### [What the task asks]
What you write must be the listing below in full, word for word, minus its pictures.

### [Information provided]
|---|

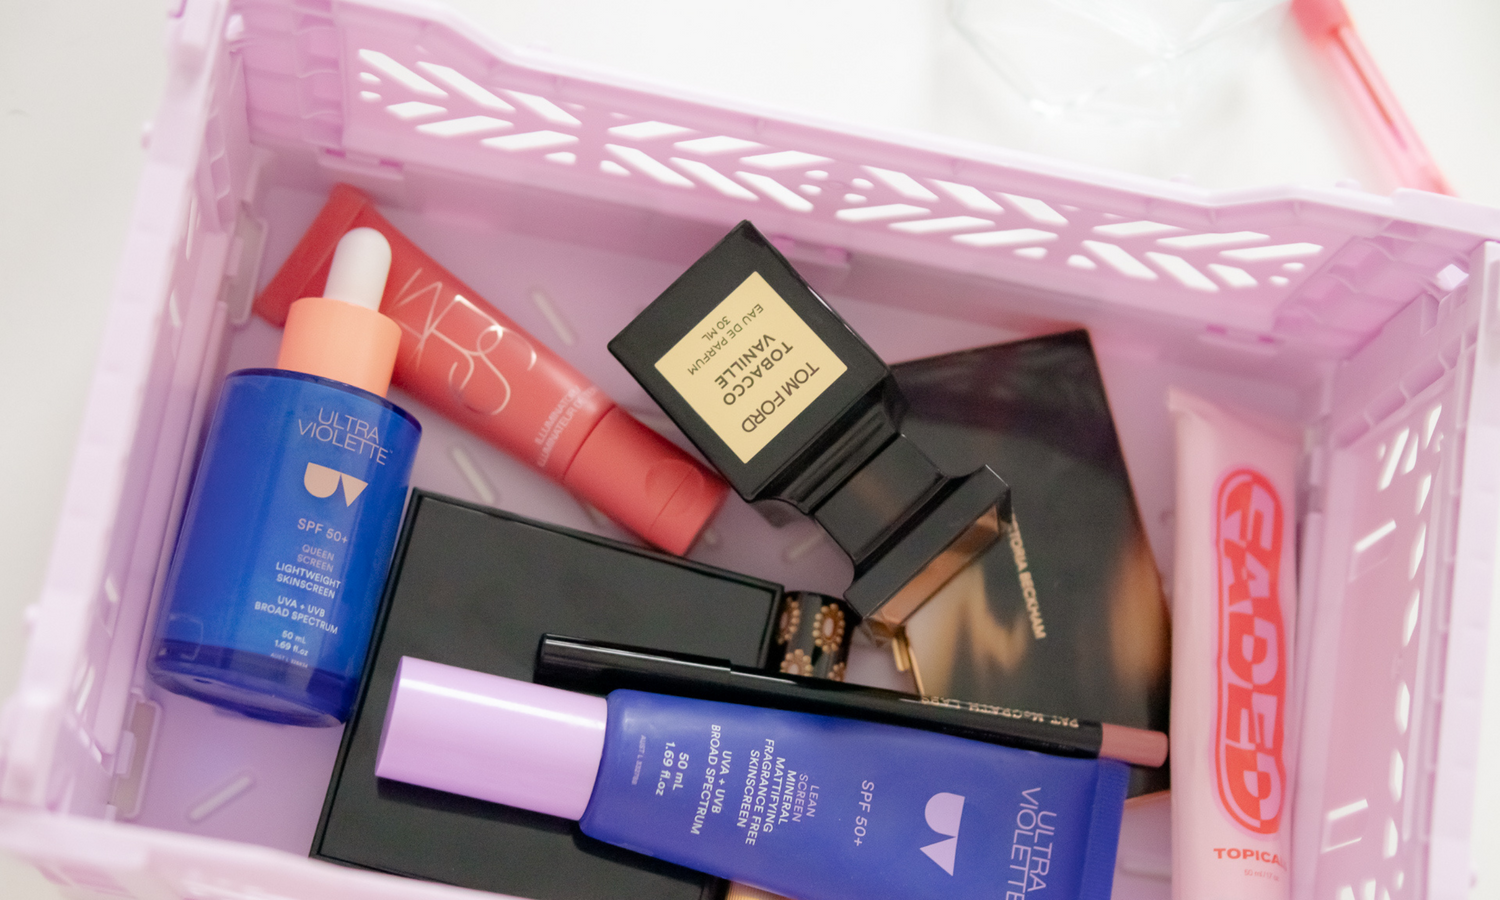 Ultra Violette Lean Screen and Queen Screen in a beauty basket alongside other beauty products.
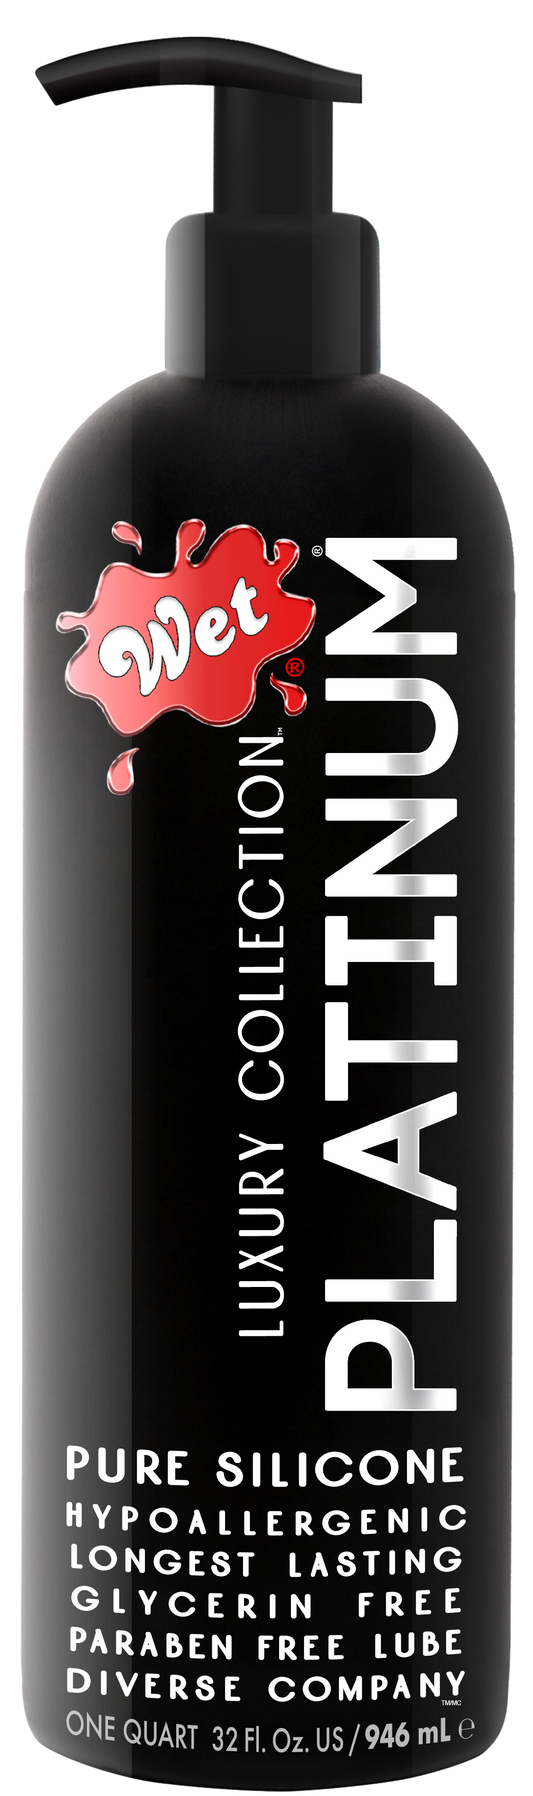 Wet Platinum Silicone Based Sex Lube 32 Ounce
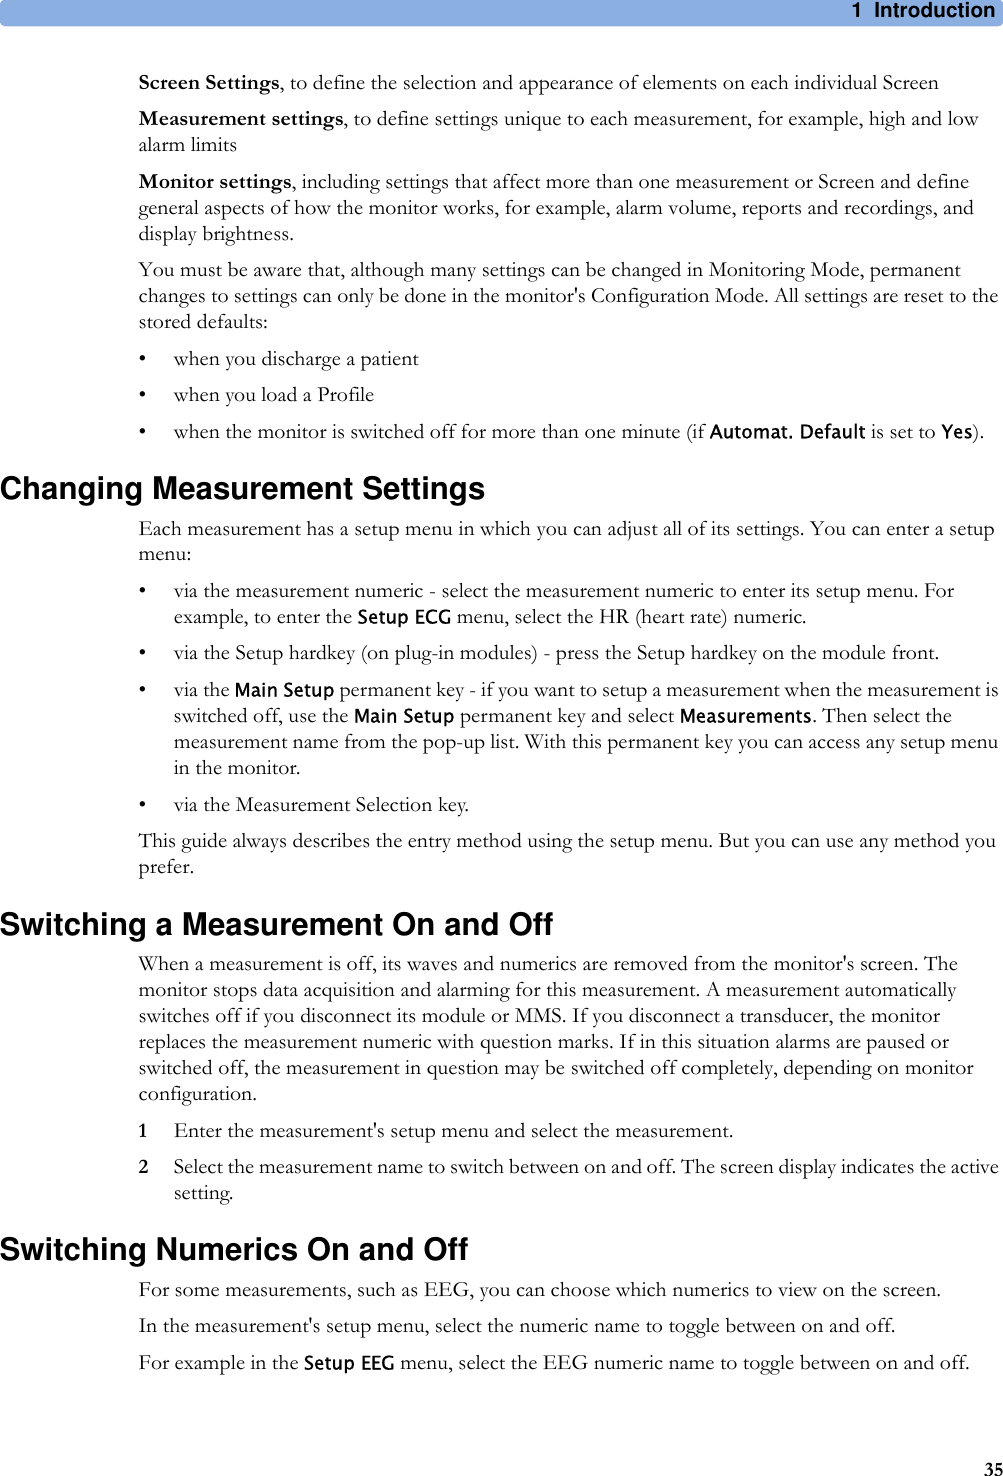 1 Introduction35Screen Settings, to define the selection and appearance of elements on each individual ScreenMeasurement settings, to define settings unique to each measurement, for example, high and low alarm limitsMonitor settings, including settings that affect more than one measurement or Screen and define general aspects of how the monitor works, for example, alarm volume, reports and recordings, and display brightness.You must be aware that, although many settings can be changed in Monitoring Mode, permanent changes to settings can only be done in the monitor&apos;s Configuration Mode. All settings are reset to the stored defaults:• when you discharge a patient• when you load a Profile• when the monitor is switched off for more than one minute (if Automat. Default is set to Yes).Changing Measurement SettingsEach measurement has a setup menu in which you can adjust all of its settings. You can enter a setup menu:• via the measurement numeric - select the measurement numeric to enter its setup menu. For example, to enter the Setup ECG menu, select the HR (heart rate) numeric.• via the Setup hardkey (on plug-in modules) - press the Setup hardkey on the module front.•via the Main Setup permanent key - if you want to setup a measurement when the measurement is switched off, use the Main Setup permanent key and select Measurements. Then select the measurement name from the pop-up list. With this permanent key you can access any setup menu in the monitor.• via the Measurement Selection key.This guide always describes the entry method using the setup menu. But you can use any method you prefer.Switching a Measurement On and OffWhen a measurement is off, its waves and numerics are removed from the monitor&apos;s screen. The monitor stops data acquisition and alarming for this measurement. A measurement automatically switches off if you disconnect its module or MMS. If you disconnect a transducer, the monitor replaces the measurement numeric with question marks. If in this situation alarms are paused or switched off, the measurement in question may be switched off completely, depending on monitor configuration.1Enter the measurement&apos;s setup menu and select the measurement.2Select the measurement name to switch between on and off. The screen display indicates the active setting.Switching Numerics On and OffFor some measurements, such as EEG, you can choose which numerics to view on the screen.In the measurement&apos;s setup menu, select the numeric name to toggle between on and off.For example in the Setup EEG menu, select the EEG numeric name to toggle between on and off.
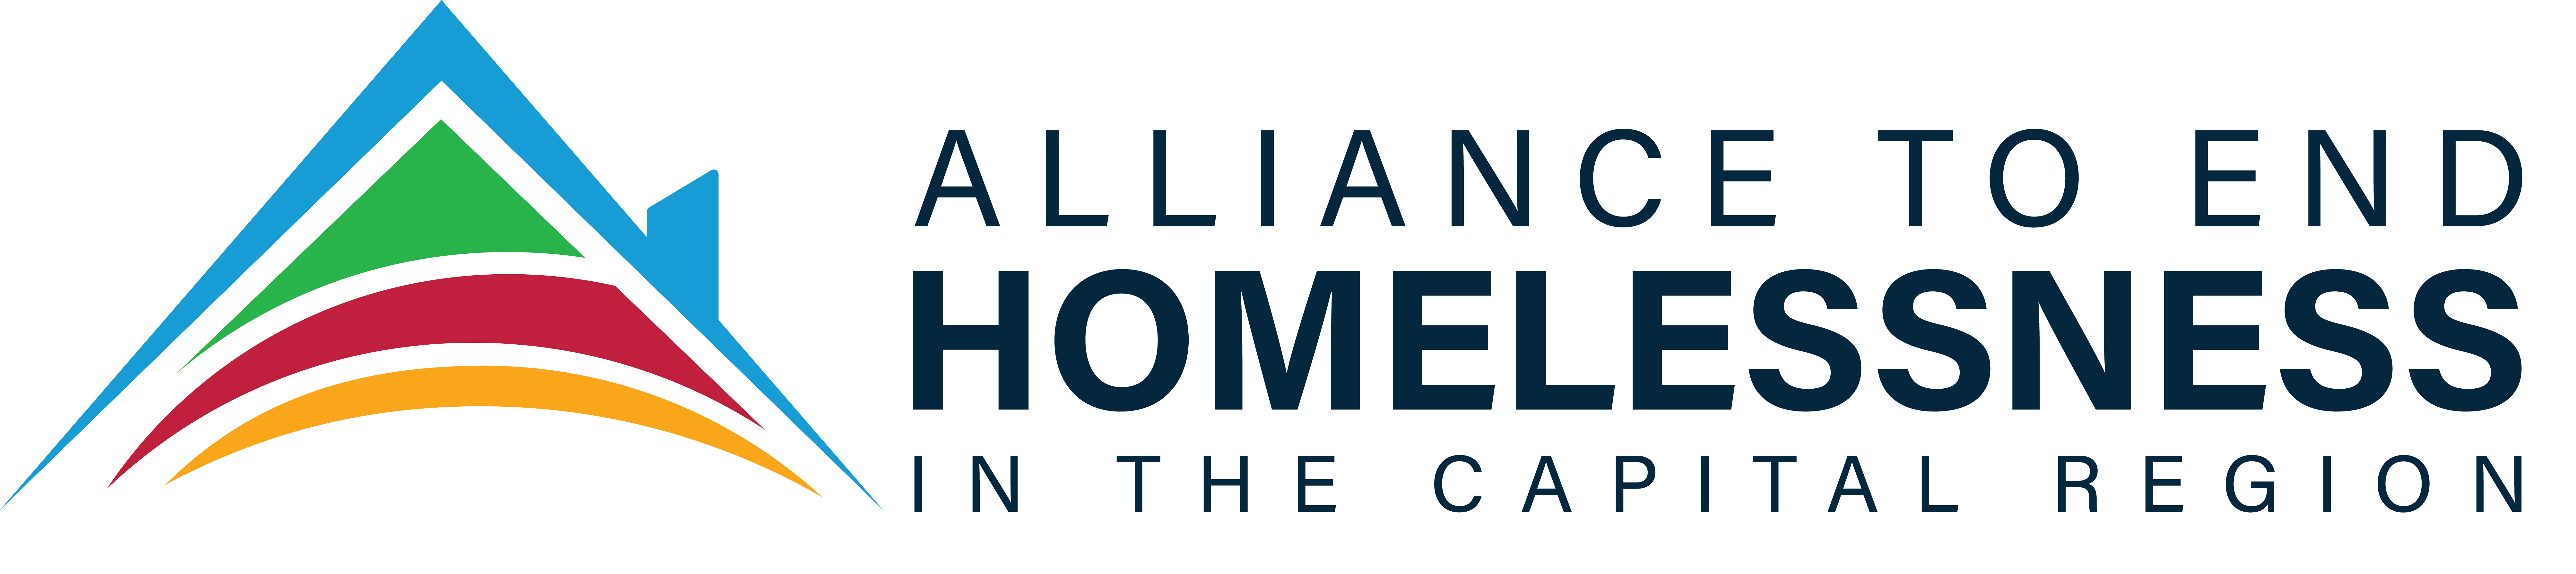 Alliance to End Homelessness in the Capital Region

|---|

### [Exercise solution]
 Ultra Violette Lean Screen and Queen Screen in a beauty basket alongside other beauty products.
 Wet Platinum Silicone Based Sex Lube 32 Ounce
 1 Introduction35Screen Settings, to define the selection and appearance of elements on each individual ScreenMeasurement settings, to define settings unique to each measurement, for example, high and low alarm limitsMonitor settings, including settings that affect more than one measurement or Screen and define general aspects of how the monitor works, for example, alarm volume, reports and recordings, and display brightness.You must be aware that, although many settings can be changed in Monitoring Mode, permanent changes to settings can only be done in the monitor&apos;s Configuration Mode. All settings are reset to the stored defaults:• when you discharge a patient• when you load a Profile• when the monitor is switched off for more than one minute (if Automat. Default is set to Yes).Changing Measurement SettingsEach measurement has a setup menu in which you can adjust all of its settings. You can enter a setup menu:• via the measurement numeric - select the measurement numeric to enter its setup menu. For example, to enter the Setup ECG menu, select the HR (heart rate) numeric.• via the Setup hardkey (on plug-in modules) - press the Setup hardkey on the module front.•via the Main Setup permanent key - if you want to setup a measurement when the measurement is switched off, use the Main Setup permanent key and select Measurements. Then select the measurement name from the pop-up list. With this permanent key you can access any setup menu in the monitor.• via the Measurement Selection key.This guide always describes the entry method using the setup menu. But you can use any method you prefer.Switching a Measurement On and OffWhen a measurement is off, its waves and numerics are removed from the monitor&apos;s screen. The monitor stops data acquisition and alarming for this measurement. A measurement automatically switches off if you disconnect its module or MMS. If you disconnect a transducer, the monitor replaces the measurement numeric with question marks. If in this situation alarms are paused or switched off, the measurement in question may be switched off completely, depending on monitor configuration.1Enter the measurement&apos;s setup menu and select the measurement.2Select the measurement name to switch between on and off. The screen display indicates the active setting.Switching Numerics On and OffFor some measurements, such as EEG, you can choose which numerics to view on the screen.In the measurement&apos;s setup menu, select the numeric name to toggle between on and off.For example in the Setup EEG menu, select the EEG numeric name to toggle between on and off.
 Alliance to End Homelessness in the Capital Region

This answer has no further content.